With her dancers Anna Carapetyan, Eleanor Smith and Katie Workum, who had also been close to Mr. Cassella, Ms. Baldwin embarked on “Keen (Part 1),” an exploration of grieving created for the Glass House grounds in New Canaan, Conn., last summer. A related work, “Keen [No. 2],” opens at Abrons Arts Center on the Lower East Side on Thursday, presented with the Chocolate Factory Theater and Joyce Theater as part of Joyce Unleashed, the theater’s off-site series for experimental dance.

In search of mourning rituals, Ms. Baldwin began, with “Keen (Part 1),” to research keening, the Irish tradition of vocal lamenting historically practiced by women, and to play with its features of rocking, kneeling and clapping. In “Keen [No. 2],” she builds on those studies with a cast of 10 women — including herself, Ms. Smith and Ms. Workum, whose searing solos and duets anchor the work — against an ornate paper tapestry designed by Wade Kavanaugh and Stephen B. Nguyen.

Ms. Smith said that Ms. Baldwin, in her confrontations with grief, had turned a creative corner. “There’s a level of mystery and unknown in the larger group sections that I haven’t experienced in her other pieces, and I love that,” she said.

Ms. Baldwin spoke, in person and by phone, about creating dances in and about Mr. Cassella’s absence. Below are edited excerpts from those conversations.

How did you meet Lawrence? We met at the Yard, the dance residency center on Martha’s Vineyard, and we just clicked. We wanted to move the same way and talk about the same things. Just like you fall in love with someone and spend your life with them, we fell in love and wanted to dance together all the time.
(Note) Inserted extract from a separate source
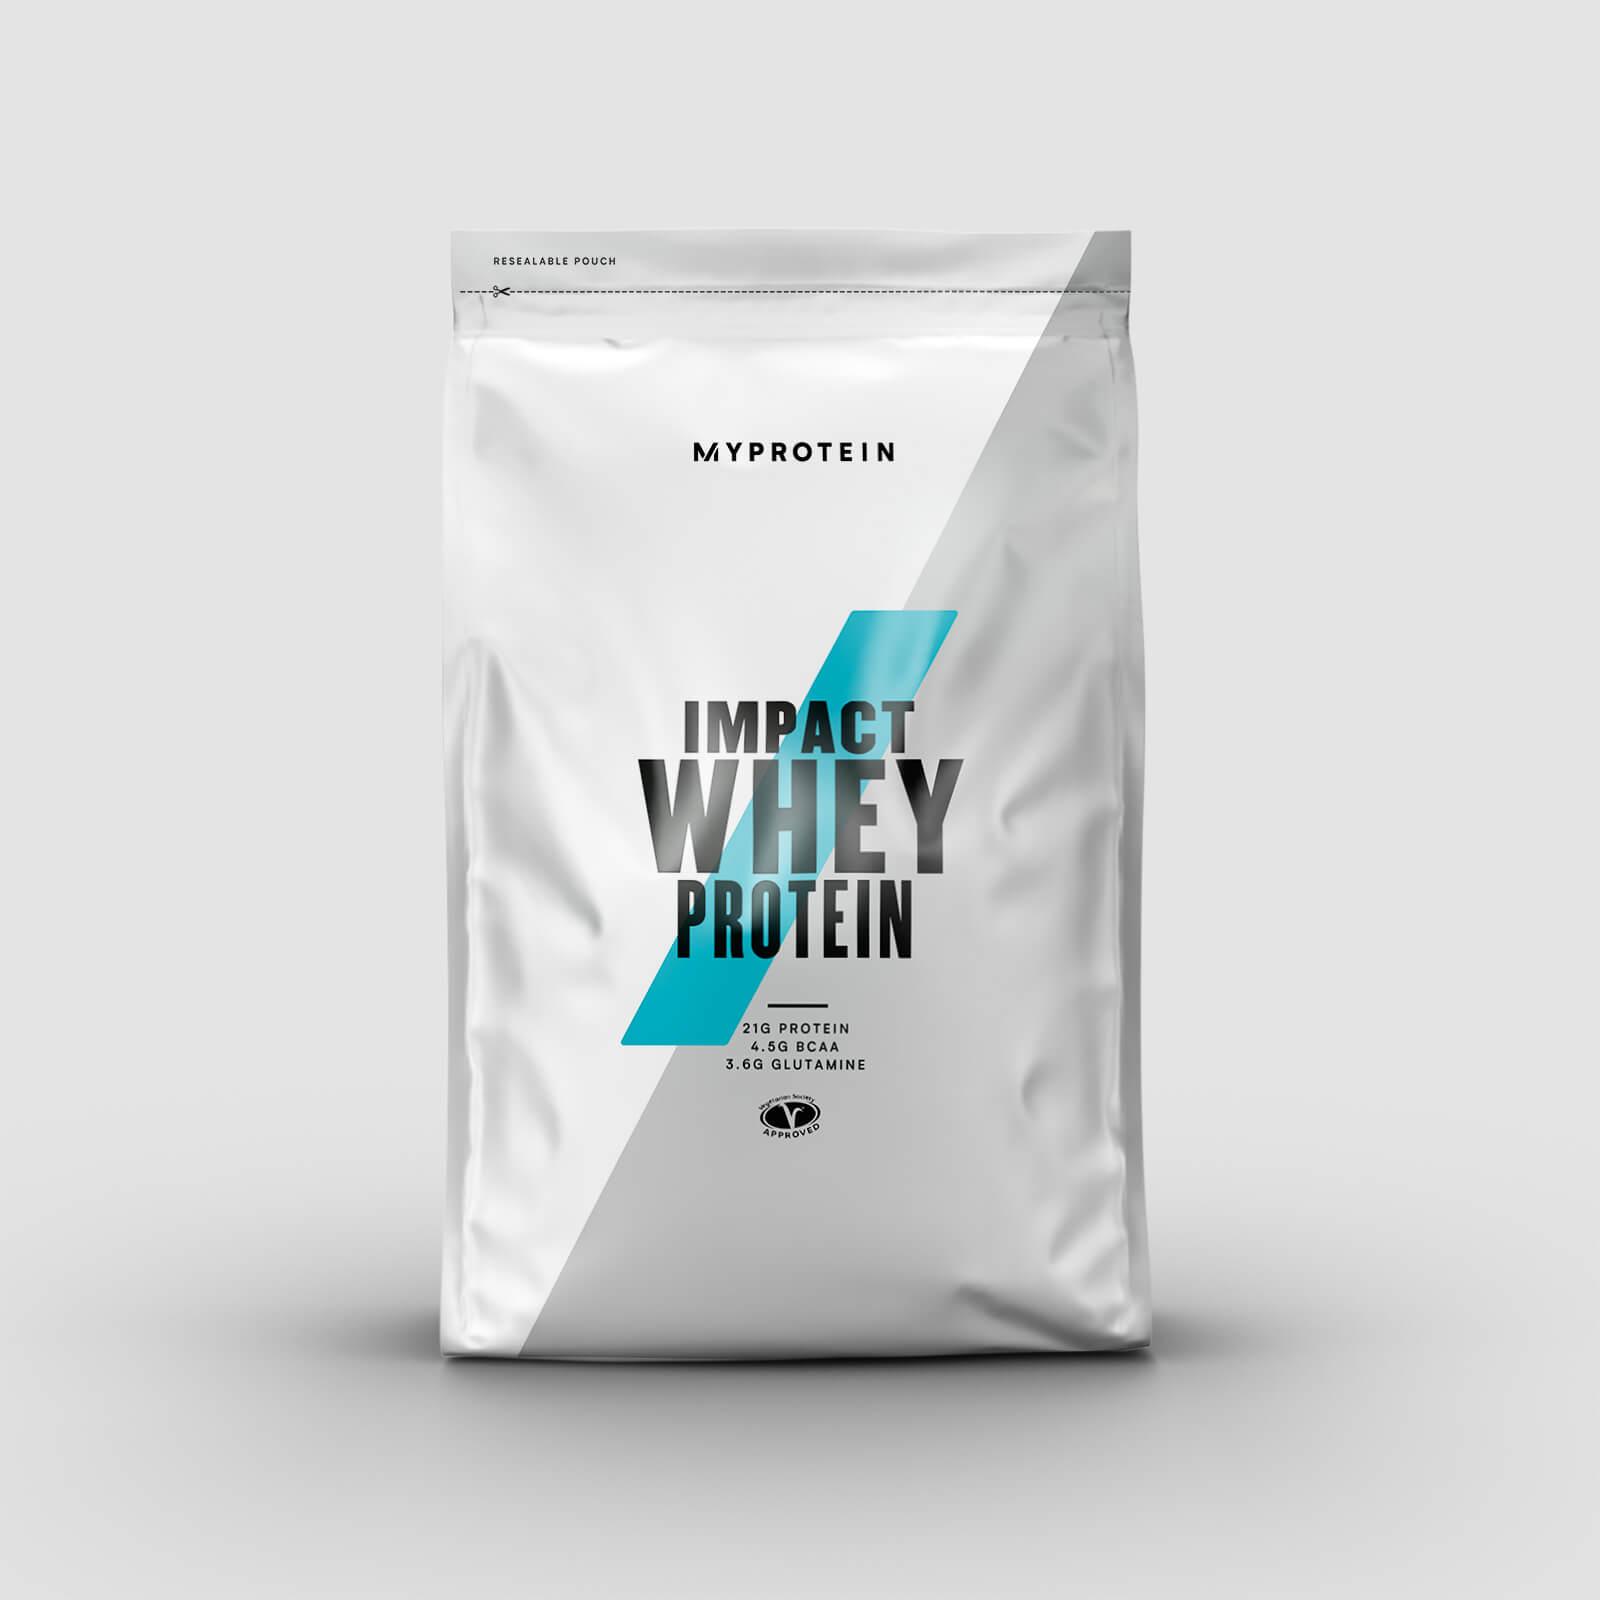 Myprotein Impact Whey Protein - 2.5kg - Gateau au fromage Myrtille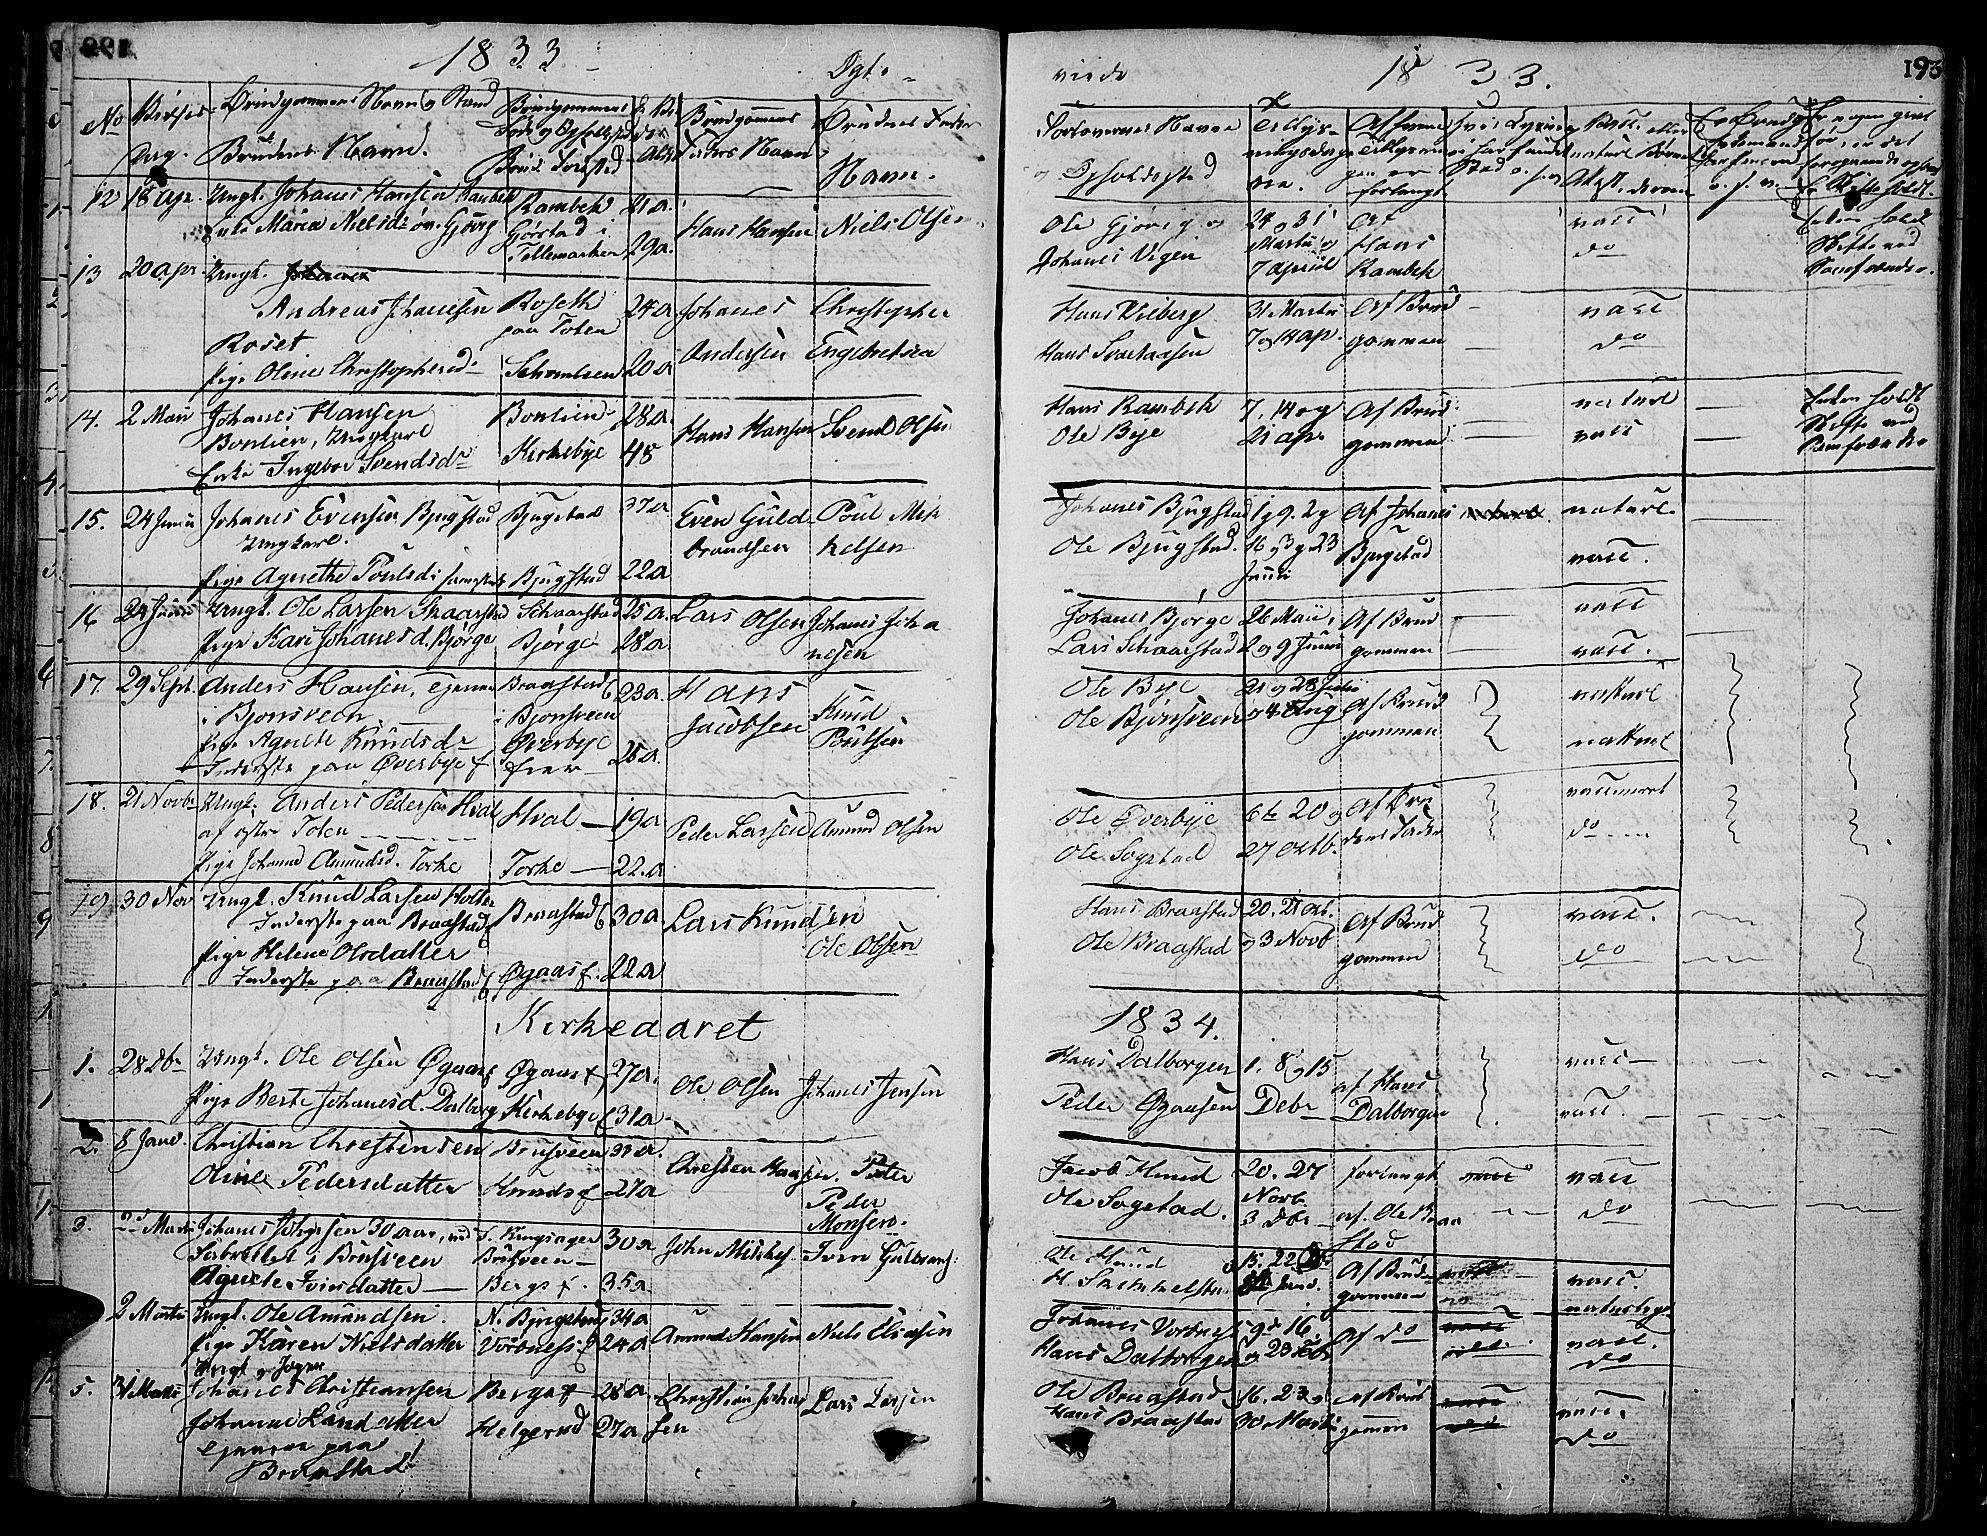 SAH, Vardal prestekontor, H/Ha/Hab/L0004: Klokkerbok nr. 4, 1831-1853, s. 193

How has your process been different without him? Even though there are 10 people in this piece, it’s very lonely. I haven’t been ready to dance with people in an intimate way, to look someone in the eye and be sweaty and feel their muscles, the way I was with him. My relationship to performing, I’ve realized, was intensely fed by dancing with him. It’s been hard, to have to ask myself: ‘Who am I? How do I make things? How do I touch someone?’ I don’t know yet.

Can you say more about how he influenced you? So many ways — his theatricality, his humor. He had this amazing combination of showmanship — the way he could capture and hold someone’s gaze — and being vulnerable and insecure, even though he exuded this sexiness and confidence and danger. And he was willing to try anything, even if he was uncomfortable or scared. We really trusted each other, so he would go to some pretty dark, scary places.

He seemed very strong physically, too. He biked everywhere, he swam constantly, he danced, he walked dogs. Everything about him was this powerful, strong, healthy human being. It was shocking to watch someone like that get weaker and weaker.

How have these new works helped you through losing him? I had no guidelines for what to do with myself when it happened. There were things we could plan, like his wake and planting a tree for him. After those early markers, making these dances offered a similar sense of structure. When I started out, I was thinking: ‘What if you don’t just stuff it all away and move on, in this very American way of dealing with grief? What if you don’t replace this person? What if you live there and embrace that hole?’ Over time, I’ve felt a push to move past that, to find a way to talk about it that’s not so personal. And with this new group of women, many of whom didn’t really know him, it has become something bigger.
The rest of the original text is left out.